The [TransFac](http://www.gene-regulation.com/pub/databases.html) database provides transcription factor targets, which are stored in `ko.list` in the `qtlyeast` package. Let's find which of the co-mapping traits are targets of the transcription factor `r tf.gene`, and do causal mapping tests for them.

```{r}
match.orf <- !is.na(match(comap.tf, ko.list[[tf.orf]]))
out.peak <- CMSTtests(yeast.orf, tf.orf, comap.tf[match.orf], Q.chr = 2, Q.pos = cand.peak,
                 method="joint", penalty="bic")
causal.call <- function(x) {ordered(c("causal","react","indep","corr")[apply(x, 1, which.min)],
                                    c("causal","react","indep","corr"))}
target.peak <- data.frame(pval = apply(out.peak$pvals.j.BIC, 1, min),
                          call = causal.call(out.peak$pvals.j.BIC))
row.names(target.peak) <- factor(comap.tf[match.orf])
table(target.peak$pval <= 0.1, target.peak$call)
target.peak$gene <- yeast.annot[match(row.names(target.peak), yeast.annot$orf), "gene"]
target.peak[order(target.peak$pval),]
```

Only `r sum(target.peak$pval <= 0.1)` targets had a significant causal call, and all of those were for the independent model (pleiotropy).
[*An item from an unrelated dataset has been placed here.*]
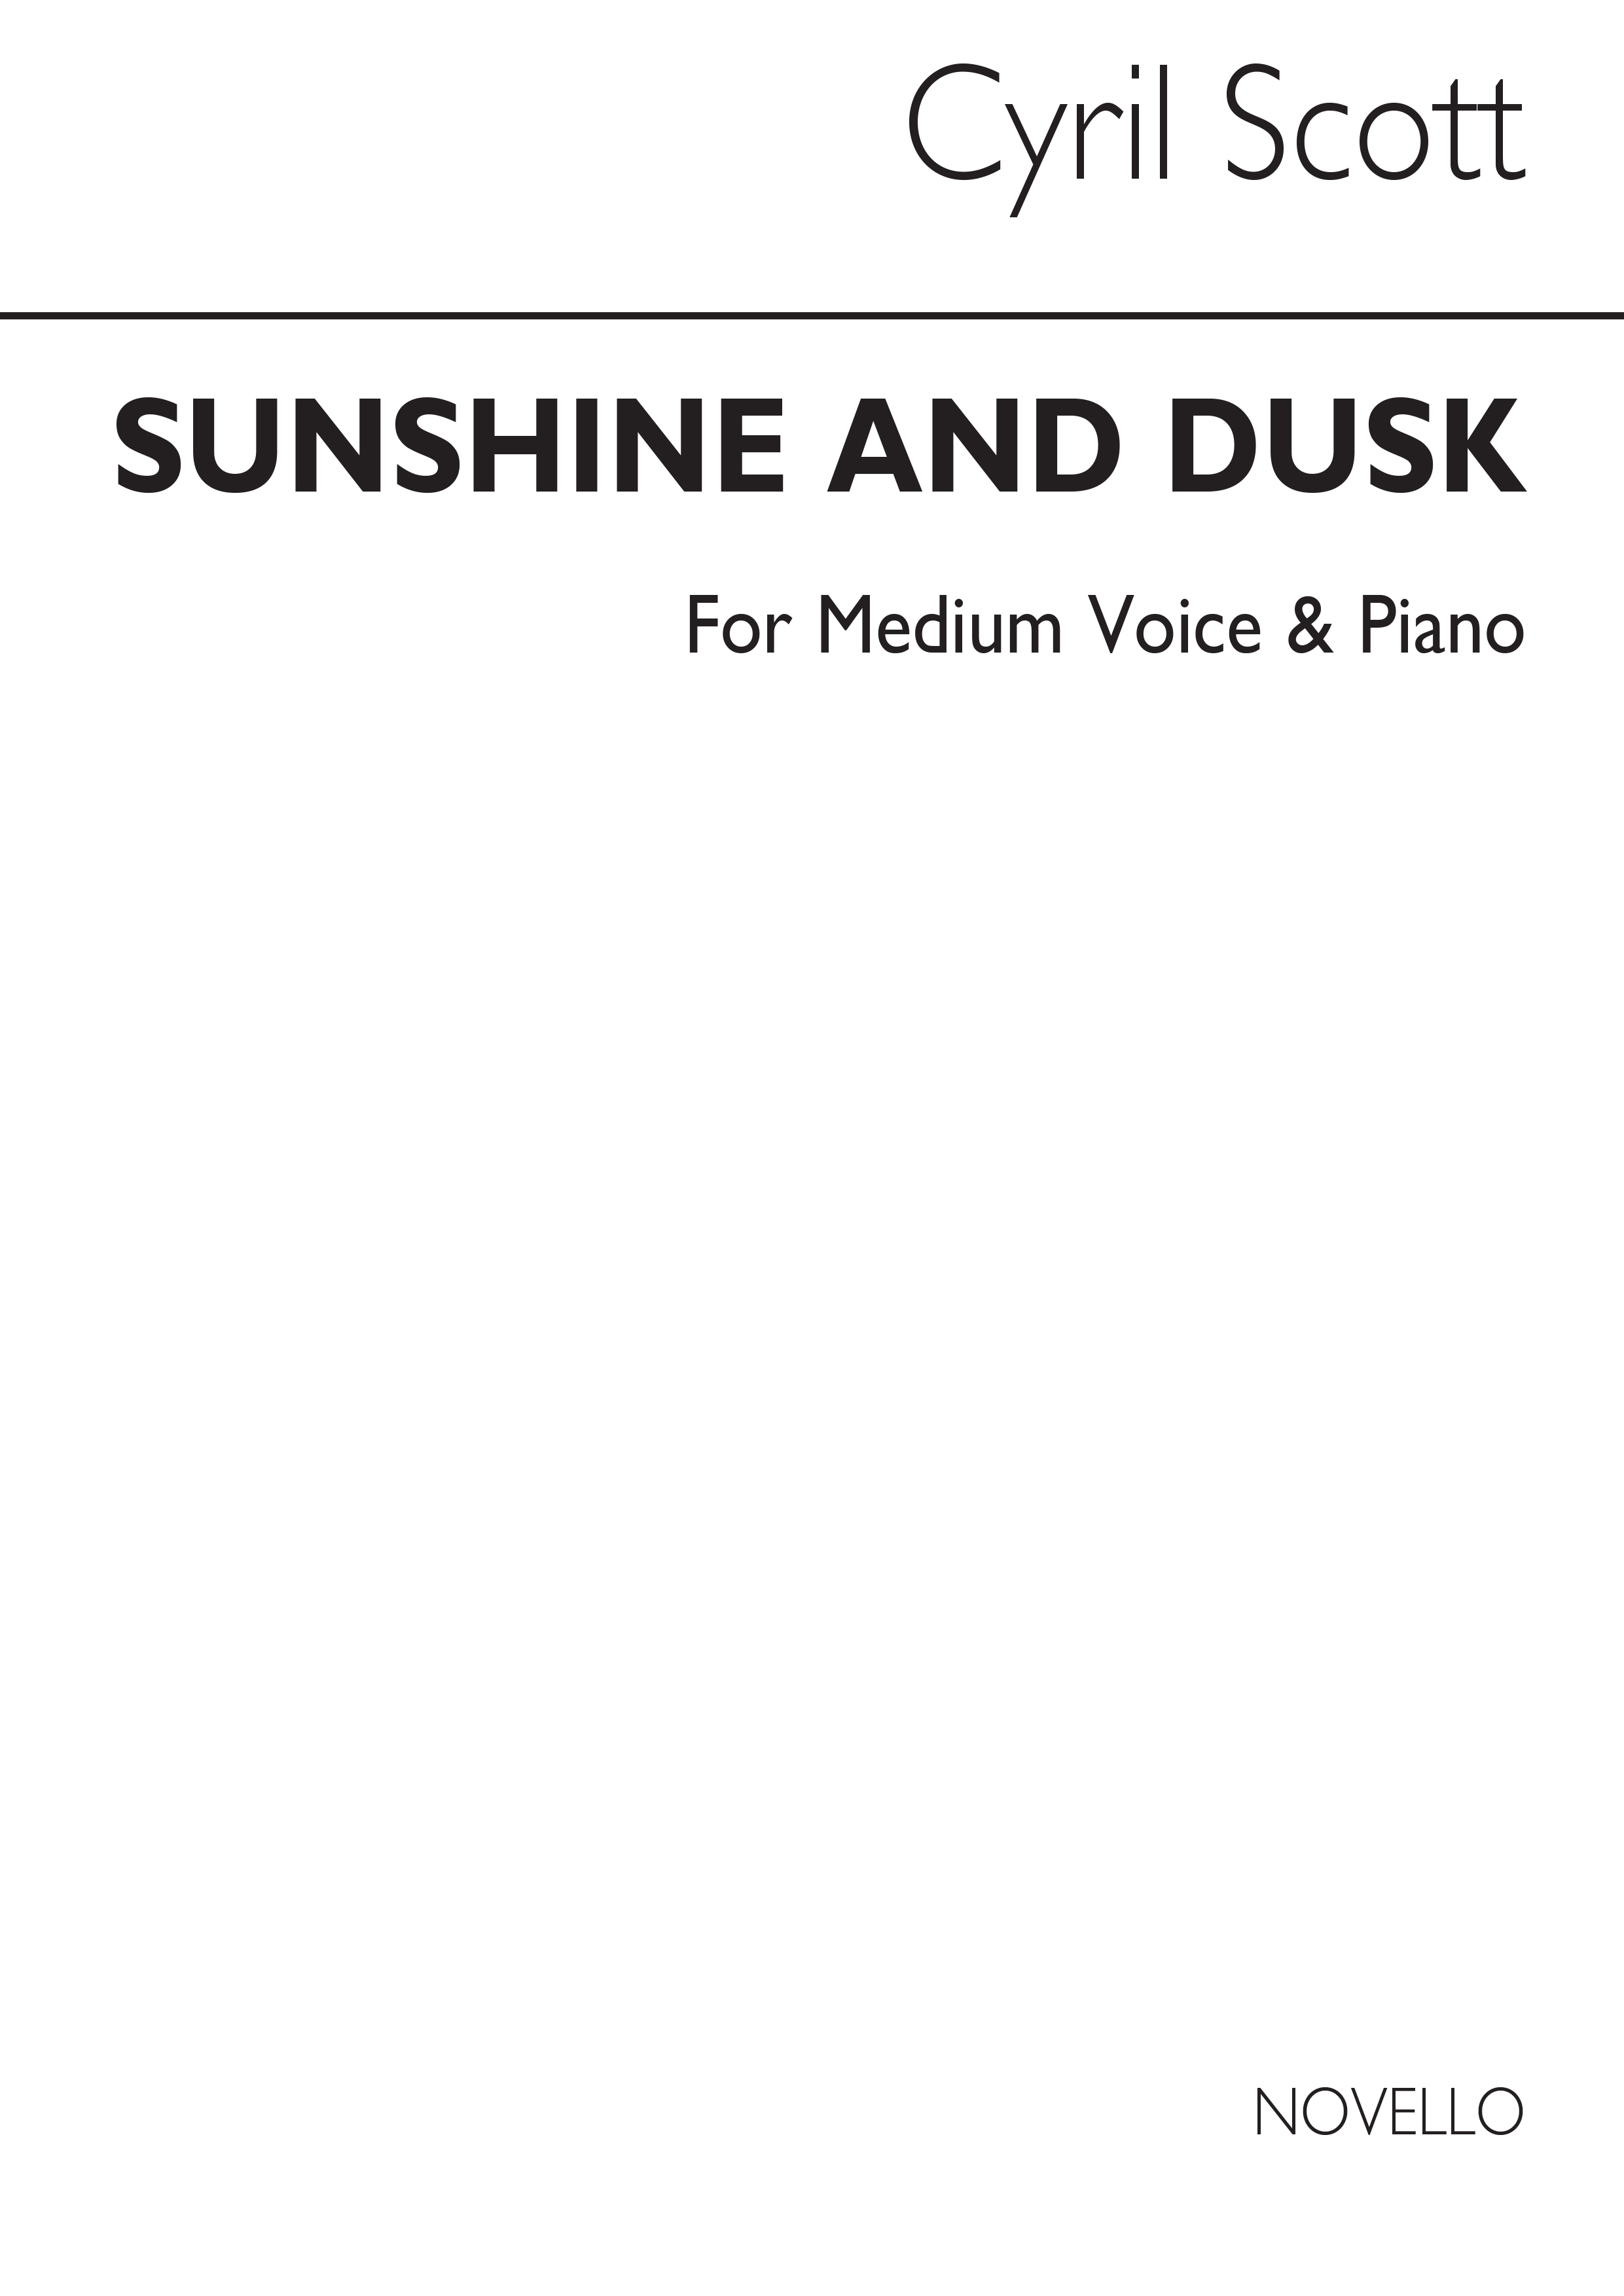 Cyril Scott: Sunshine And Dusk-medium Voice/Piano: Medium Voice: Vocal Work
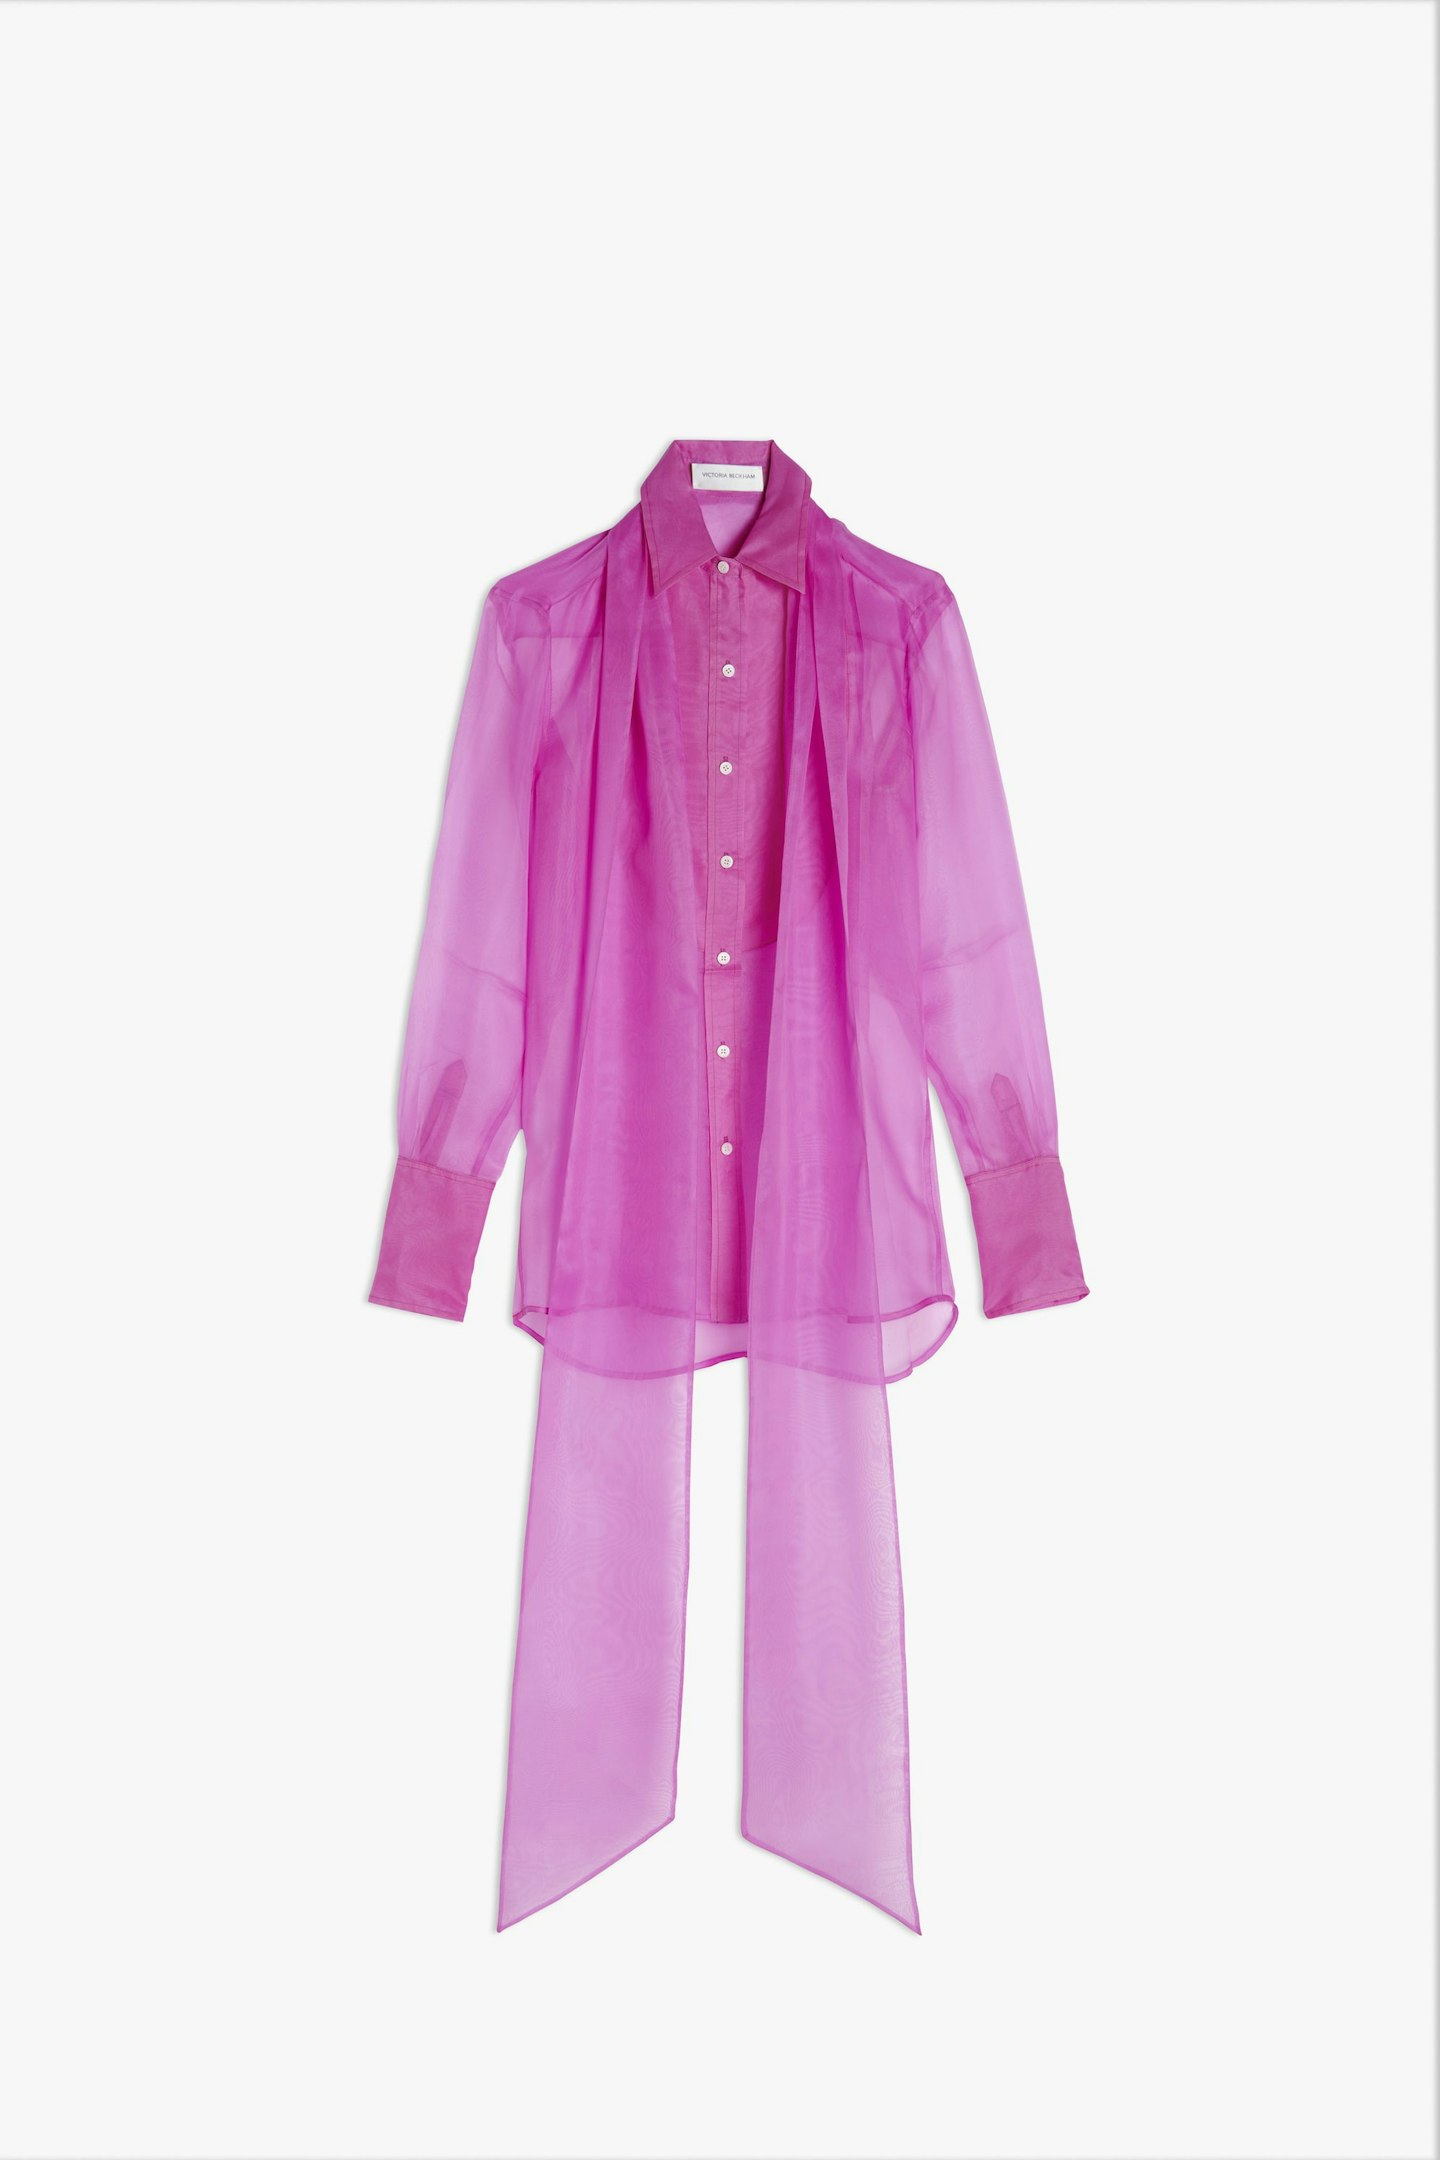 Victoria Beckham, Ruffle-Tie Blouse In Pink, £690

Let's look only at the alleged targets of `r tf.gene`. We use color to identify the calls for these `r sum(match.orf)` ORFs.

```{r}
plot(scan.orf, chr = 2)
for(target in row.names(target.peak)) {
  tmp <- scanone(yeast.orf, pheno.col = find.pheno(yeast.orf, target), method="hk")
  if(max(tmp)$lod > lod.thr) {
    col <- "gray"
    if(target.peak[target, "pval"] < 0.1)
      col <- c("red", "blue", "green","gray")[unclass(target.peak[target, "call"])]
    plot(tmp, chr = 2, add = TRUE, col = col)    
  }
}
plot(scan.orf, chr = 2, add = TRUE)
abline(v = cand.pos, lwd = 3, col = "green")
abline(h = lod.thr, lwd = 3, col = "red", lty = 2)
```

So, it appears that the `r tf.gene` is pleiotropic to targets with strong QTL signals.

R/qtlnet: causal network
---------------------------------

Let's take the significant targets of `r tf.gene` and see if we can develop a causal network.

```{r}
net.set <- c(tf.orf, row.names(target.peak)[target.peak$pval <= 0.1])
library(qtlnet)
```
The following will create MCMC samples for the QTLnet, but it takes awhile. Instead we read already created data.
```
amn1.qtlnet <- mcmc.qtlnet(yeast.orf, pheno.col = find.pheno(yeast.orf, net.set),
                           threshold = lod.thr, nSamples = 1000, thinning = 20,
                           random.seed = 92387475)
save(amn1.qtlnet, file = "amn1.qtlnet.RData", compress = TRUE)
```
```{r}
load("amn1.qtlnet.RData")
amn1.graph <- igraph.qtlnet(amn1.qtlnet)
plot(amn1.graph)
```
The plot randomly arranges the traits and QTL. Alternatively, use the interactive
```
tkplot(amn1.graph)
```
This apparently did not work well, as the `r tf.orf` is shown as directly causal to one target and reactive to two others. More work would be needed to study this more carefully.